» The problem: Lines outside the range are not wanted. Give again exactly the lines between the line holding "Zulu 1 - Leinwandbild" and the line holding "Logotipode Sporting Kansas", inclusive, from the listing below.

» Material for this exercise:
- - - -

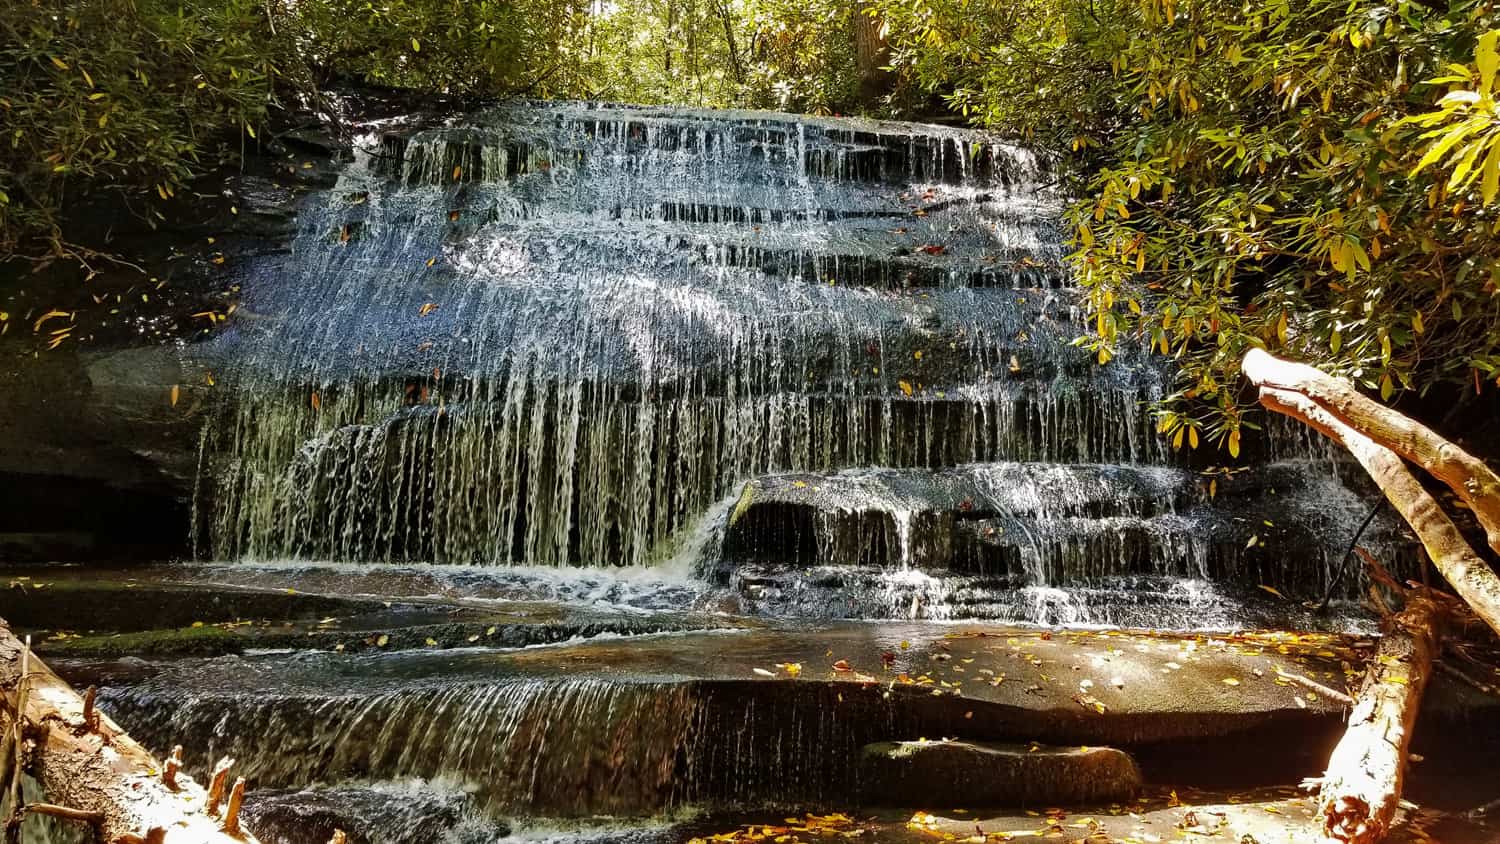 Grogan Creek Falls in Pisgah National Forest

- - - -

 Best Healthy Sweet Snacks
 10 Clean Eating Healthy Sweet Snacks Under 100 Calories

- - - -

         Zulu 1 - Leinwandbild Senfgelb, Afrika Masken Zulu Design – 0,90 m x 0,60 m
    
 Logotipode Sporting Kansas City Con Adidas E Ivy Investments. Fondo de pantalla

- - - -

» Task answer:
         Zulu 1 - Leinwandbild Senfgelb, Afrika Masken Zulu Design – 0,90 m x 0,60 m
    
 Logotipode Sporting Kansas City Con Adidas E Ivy Investments. Fondo de pantalla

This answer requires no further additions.